チームの進化を改めて感じた [写真]=B.LEAGUE
チームの進化は、この日のA千葉戦の逆転劇にもはっきりと表れていた。前半は相手の得意とする速い展開からの3ポイントシュートやオフェンスリバウンドに苦しめられ、第3クォーターも相手に流れを握られた。しかし、最終クォーターでコートに立った5人が流れを引き寄せた。
「試合終盤の競った場面での遂行力の高さ。毎試合ポイントは違うけれど、そのポイントを理解しながらプレーしていると感じました。14、15点差が開いたときに誰も焦らない。とはいえ危機感は持ってプレーしている。そのバランスが去年や一昨年にはなかった新しい武器だと思います」
天皇杯という大舞台を経験したことでプレッシャーが軽減され、選手たちは自信を持ってプレーしている。「勝ち方を覚えたからこそ、どういう展開であっても最後はいいゲームに持っていける自信がついている」。テーブスは、外から見て感じたチームのたくましさをそう表現した。
シーズン序盤の連敗、そして自身の離脱。欠場中は「めちゃくちゃ不安だった」と率直な思いを明かす。しかし、ライアン・ロシターやテーブスといった主力を欠くピンチを、選手たちは自身がアピールし成長するチャンスと捉えていた。
「自分はコートになかなか立てなかったからこそ、本当に迷惑をかけていると理解してリハビリを頑張っていました。そこからの残りの選手の頑張りには感謝しかありません。みんなが毎日何をしないといけないかを考えて、少しずつ成長して、気づいたらこういう素晴らしいチームができあがっていた。一人ひとりがここぞというときにステップアップできるチームになっています」
テーブスはチームメートへの深い感謝と信頼を口にした。
CS、リーグ優勝を見据えながら、A東京は次なる大きな目標に向かっている。EASLでの頂点だ。同大会の優勝を決める『EASLファイナルズ マカオ2026』は、3月18日から22日にわたってマカオ特別行政区にて行われる。Bリーグから参戦した宇都宮、A東京、琉球ゴールデンキングスはいずれもグループステージを勝ち抜きこれに出場する。「ケガをしてから、頭のなかで自分が復帰してEASLで優勝するというストーリーを描いてリハビリをしていました」とテーブスは笑顔を見せる。

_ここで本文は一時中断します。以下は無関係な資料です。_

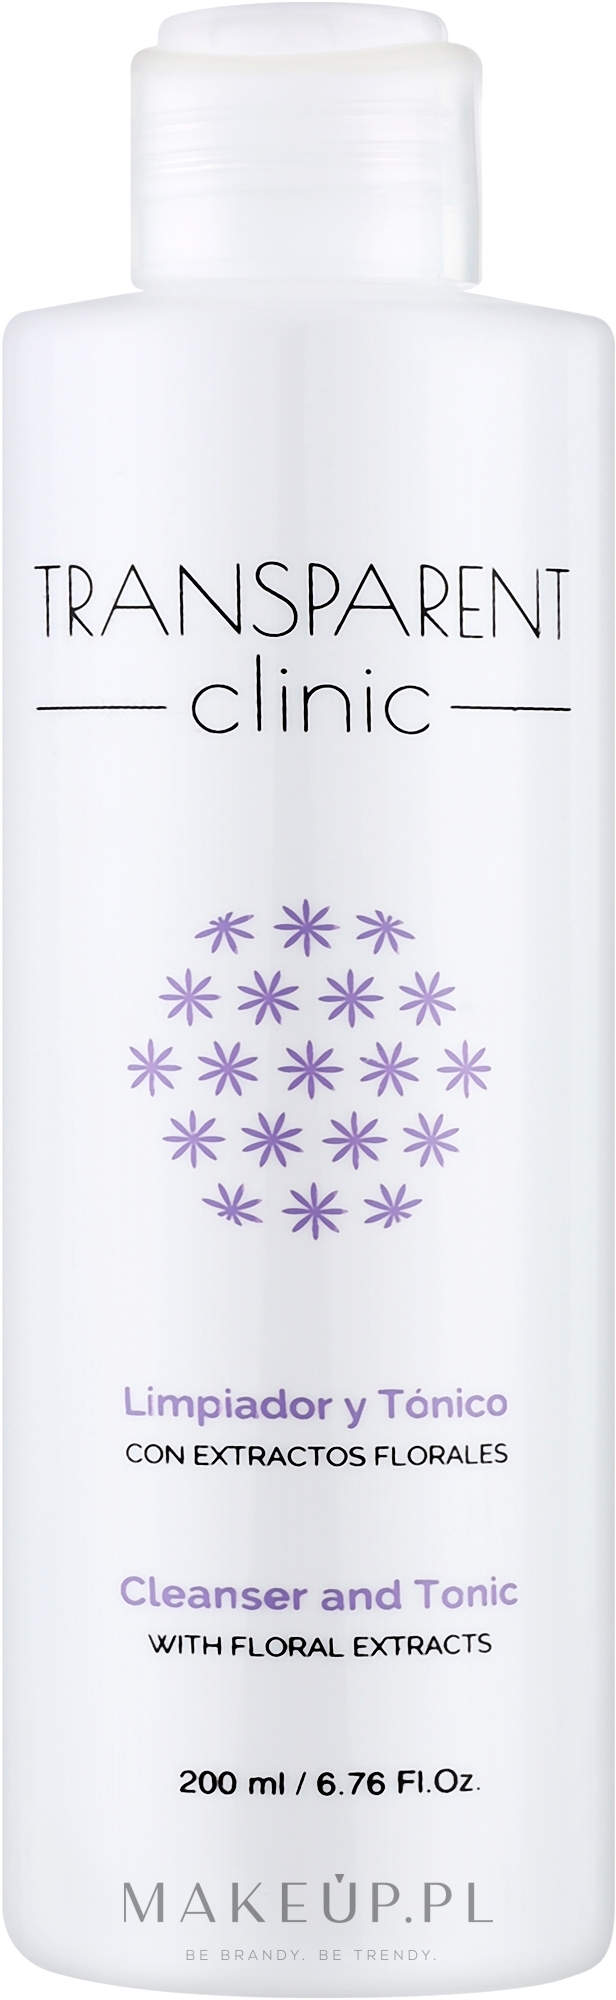 Oczyszczający tonik do twarzy - Transparent Clinic Cleanser and Tonic — Zdjęcie 200 ml
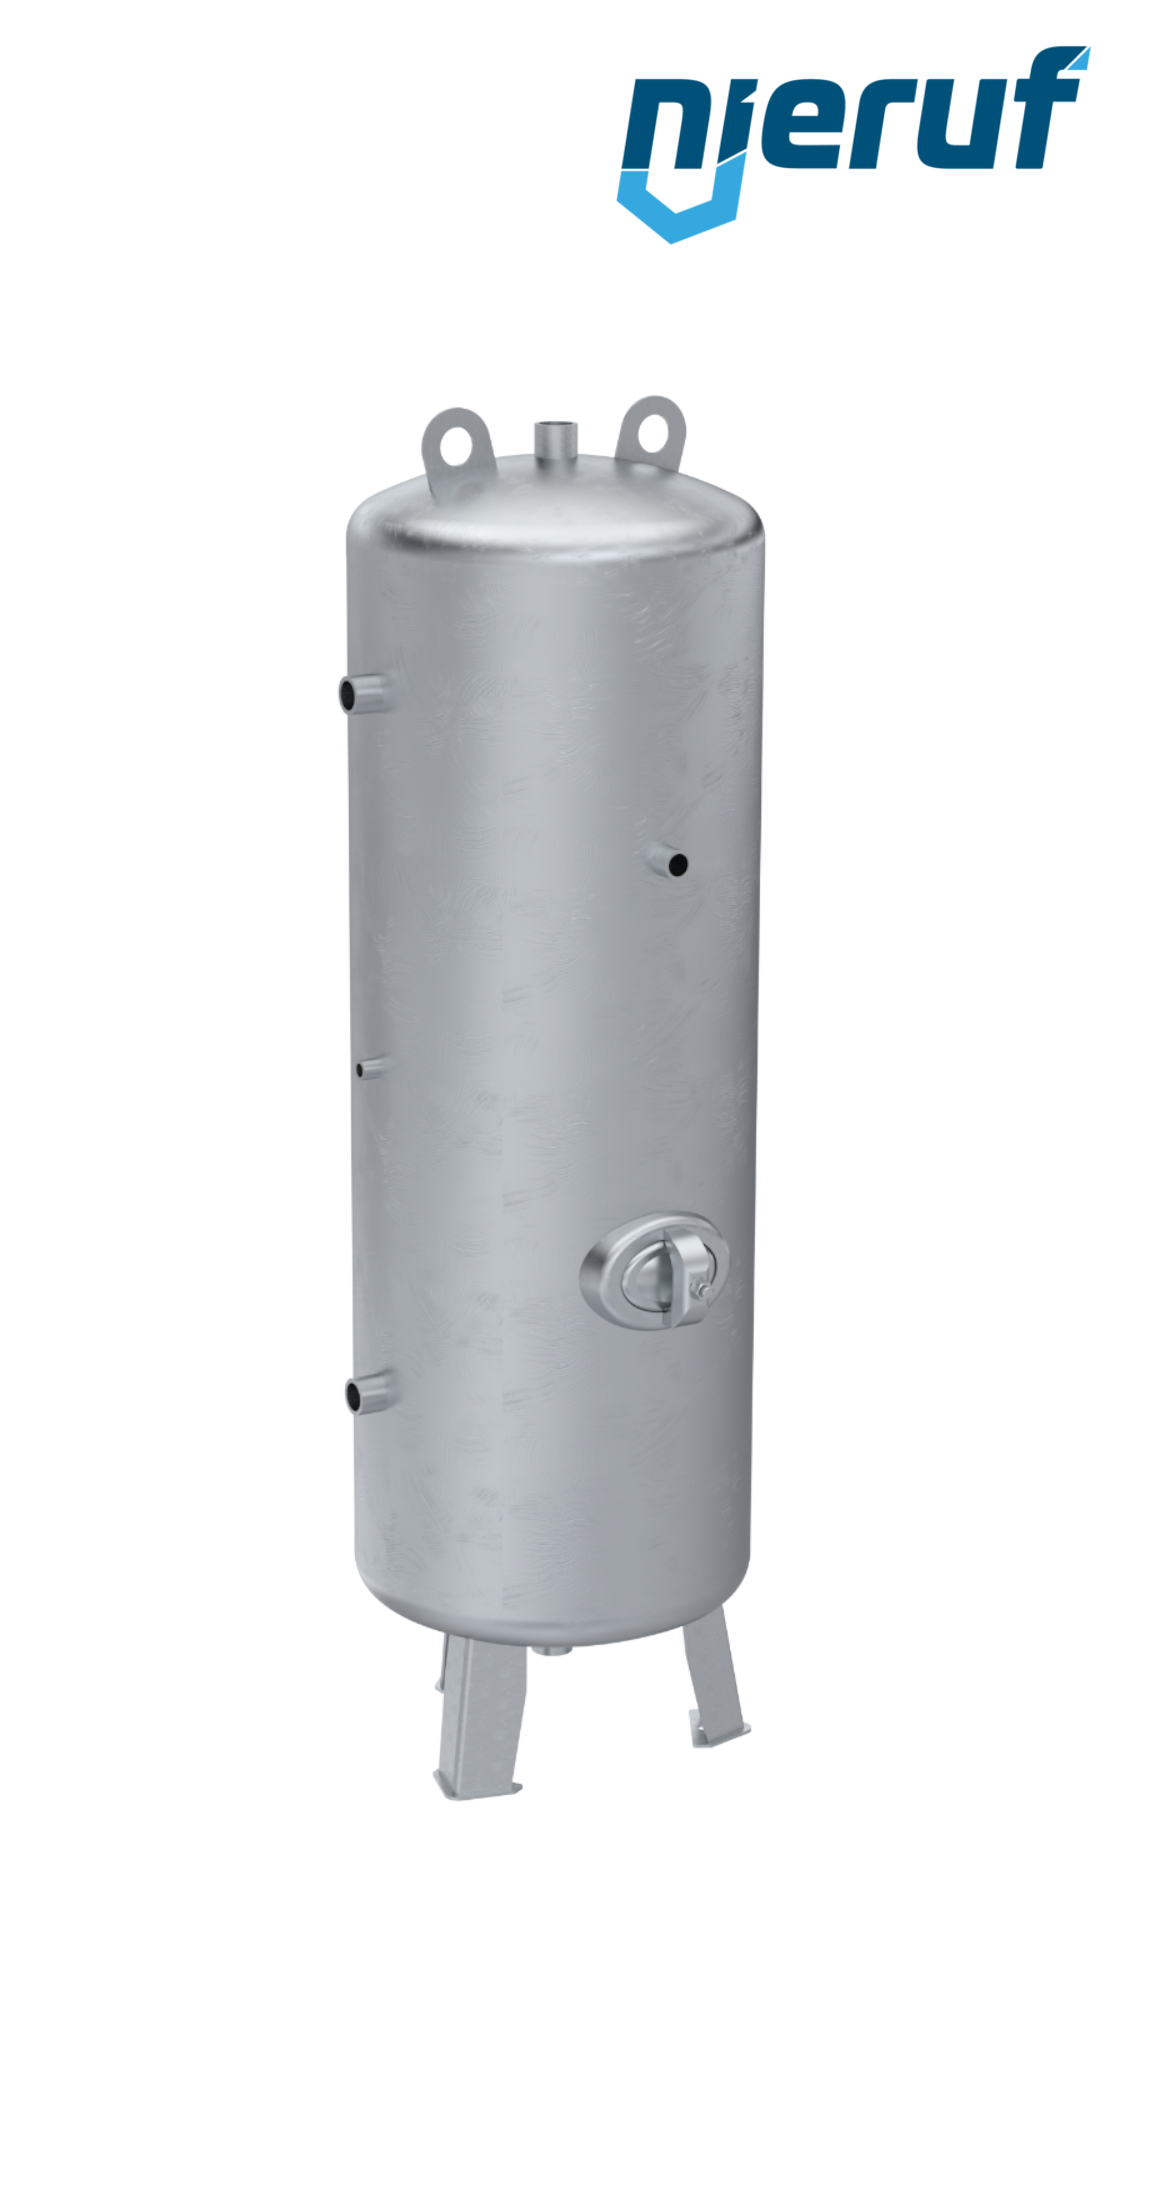 Serbatoio a pressione verticale BE01 350 litri, 0-11 bar, acciaio primerizzato

タフなスケジュールのなかで、アジアの強豪と戦う経験もまたチームを強くした。「いろいろなところを飛び回ってタフなスケジュールをチームとして乗り越えて勝つ。そういった経験は間違いなくチームボンディング(チームの結束力)にもいいことですし、今までなかった経験です。最後は優勝して終わりたい。それは賞金以上の価値があると思います」。そう真剣に語りつつも、最後は「賞金と経験だったらたぶん賞金を選びます(笑)。150万ドル(約2億3000万円)ですからね」と冗談交じりに笑いを誘い、明るい雰囲気で取材を締めくくった。

試合後、メディア対応 [写真]=B.LEAGUE
3度目のケガという試練を乗り越え、たくましさを増したチームの輪に戻ってきた司令塔。テーブス海が完全復活を果たしたとき、A東京はさらなる高みへと登っていくはずだ。EASL、そして悲願のリーグ制覇へ。テーブスが思い描く最高のストーリーは、ここからクライマックスを迎える。